En conséquence leur appel de ce chef est recevable.
Au fond, les appelants soutiennent que Mme Y... a délibérément décidé de faire échouer la cession de droit au bail envisagée par L'EURL au profit des consorts A..., et ce dans le but de vendre les murs de son immeuble libres de toute occupation à l'acquéreur qui s'était présenté, ce qu'elle a réussi à faire puisque les consorts A..., qui avaient signé une promesse synallagmatique de vente le 19 mars 2004, la régularisation de la cession devant intervenir le 1er juin 2004, ont indiqué dans un courrier de leur notaire du 8 juin 2004 ne pas donner suite à leur projet, d'une part à raison de leur inquiétude sur la durée du bail commercial, d'autre part de leur crainte " que le retard apporté dans ce dossier quant à la régularisation ne leur soit préjudiciable sur le plan commercial ".
La promesse du 19 mars 2004 au prix de 44. 200 € sous déduction de la commission de l'agence et augmentée de 3. 900 € au titre du dépôt de garantie comportait la clause suivante : " lors de la convention définitive, Mme Y... devra avoir impérativement et par écrit confirmé le montant des charges à 40 € par mois ainsi que la date de départ effectif du bail, faute de quoi les présentes seront nulles et non avenues ".
Il résulte des différents courriers échangés entre les parties et leurs notaires que la difficulté tendant à la " date de départ effectif du bail " résultait du fait que cet acte, rédigé en trois exemplaires, bien que prévoyant une durée de neuf ans, était conclu pour la période " ayant commencé à courir au 1er mars 2003 pour se terminer au 1er mars 2013 " (sur deux exemplaires), " au 1er mars 2002 pour se terminer au 1er mars 2013 " sur l'exemplaire initialement remis par M. X... à son notaire, ce qui constitue manifestement une erreur puisque Mme Y... a acquis l'immeuble le 30 octobre 2002.

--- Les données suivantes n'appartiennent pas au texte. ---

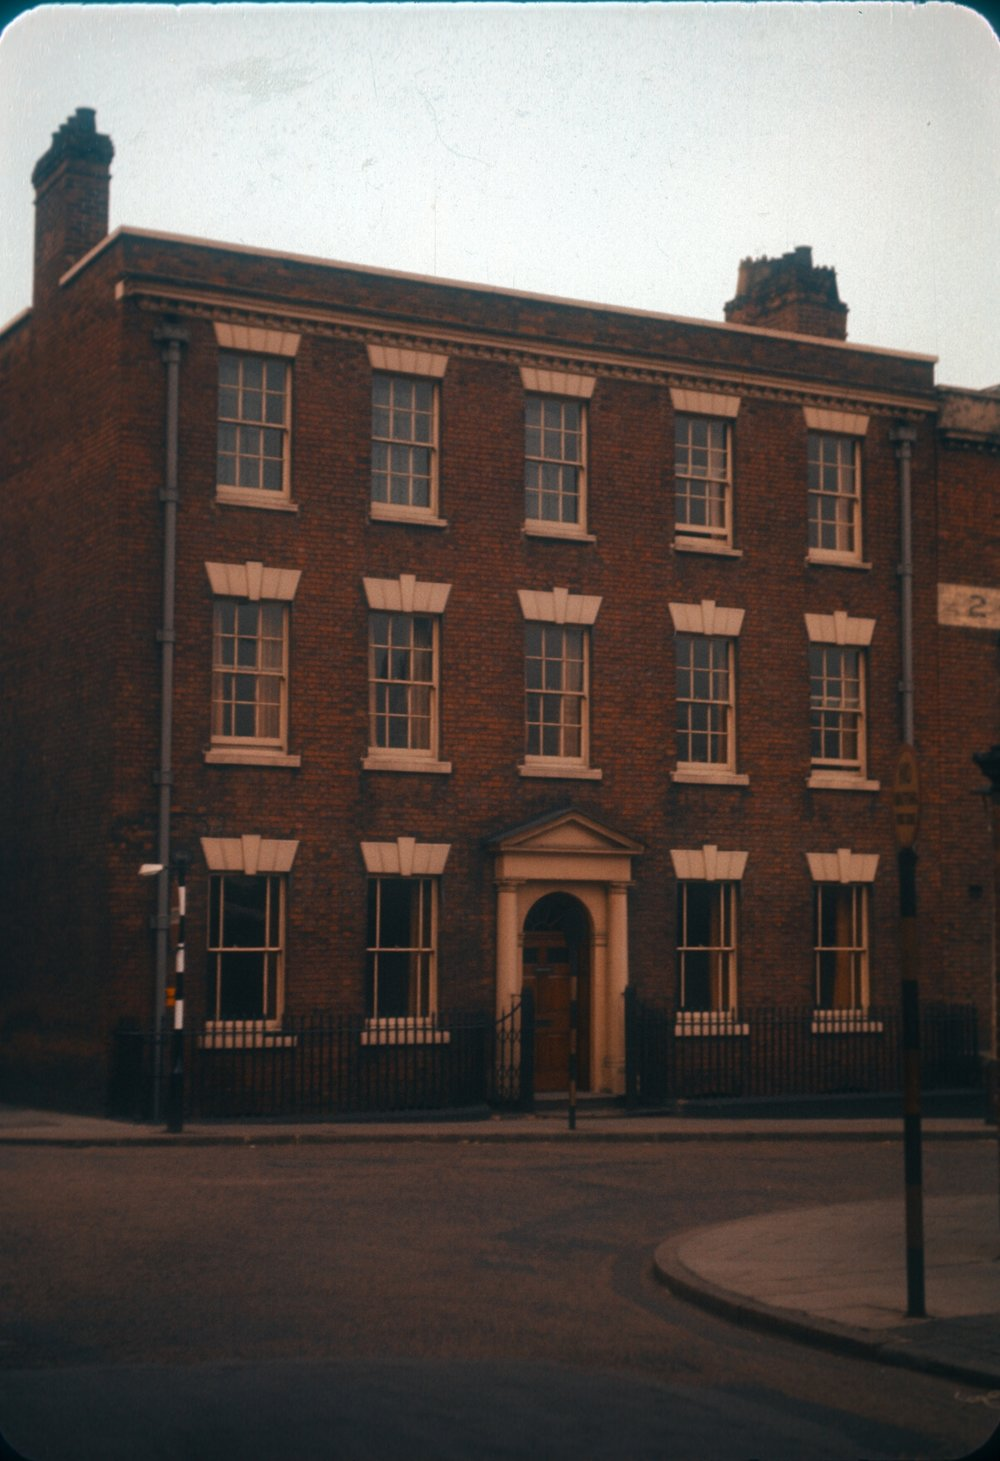 Gun Quarter, St. Mary's Row. Corner of Whittall Street. 25th March 1960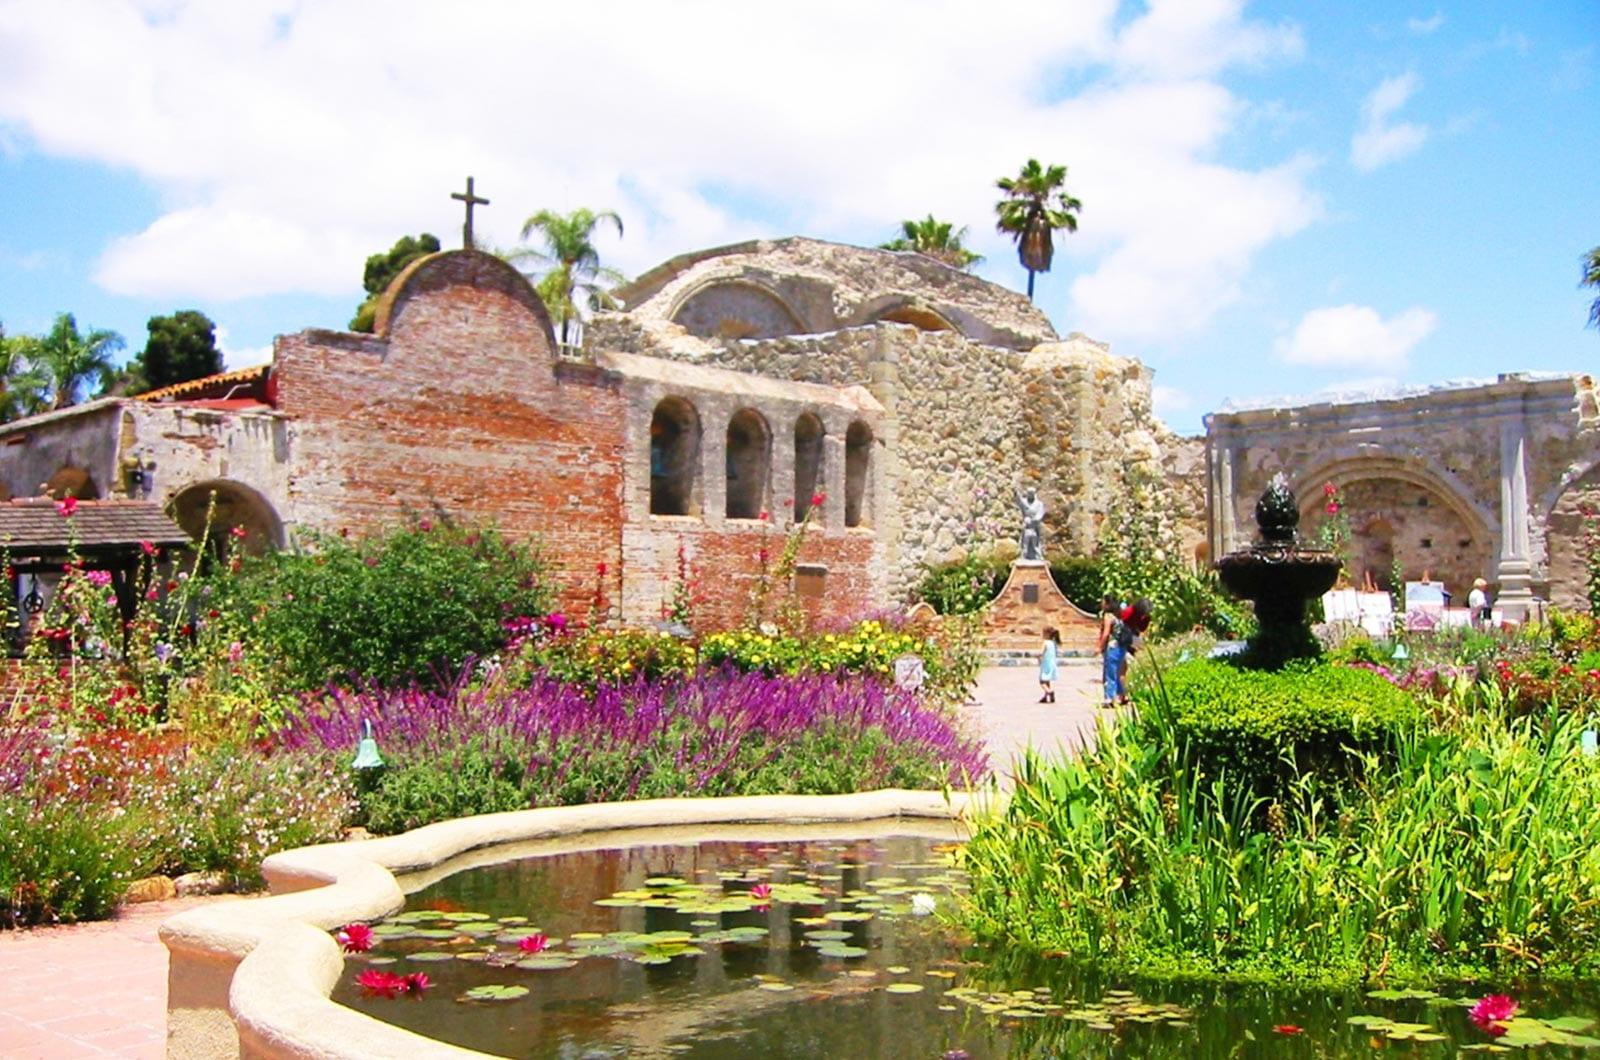 Featured | San Juan Capistrano Real Estate Photographer | San Juan Capistrano Virtual Tour Photographer | San Juan Capistrano Aerial Photography Services

Il ne peut être reproché à Mme Y... d'avoir omis de produire l'original de l'acte au notaire chargé de rédiger l'acte de cession puisque l'accomplissement de cette formalité incombait exclusivement au cédant seul cocontractant des consorts A... et que celui-ci a d'ailleurs remis cet original le 4 juin 2004, étant précisé surabondamment que les différences de mentions de date avaient un intérêt limité puisque d'une durée inférieure à douze ans, le bail était en tout état de cause soumis au statut des baux commerciaux et que la date d'échéance 1er mars 2013 était identique sur les deux exemplaires.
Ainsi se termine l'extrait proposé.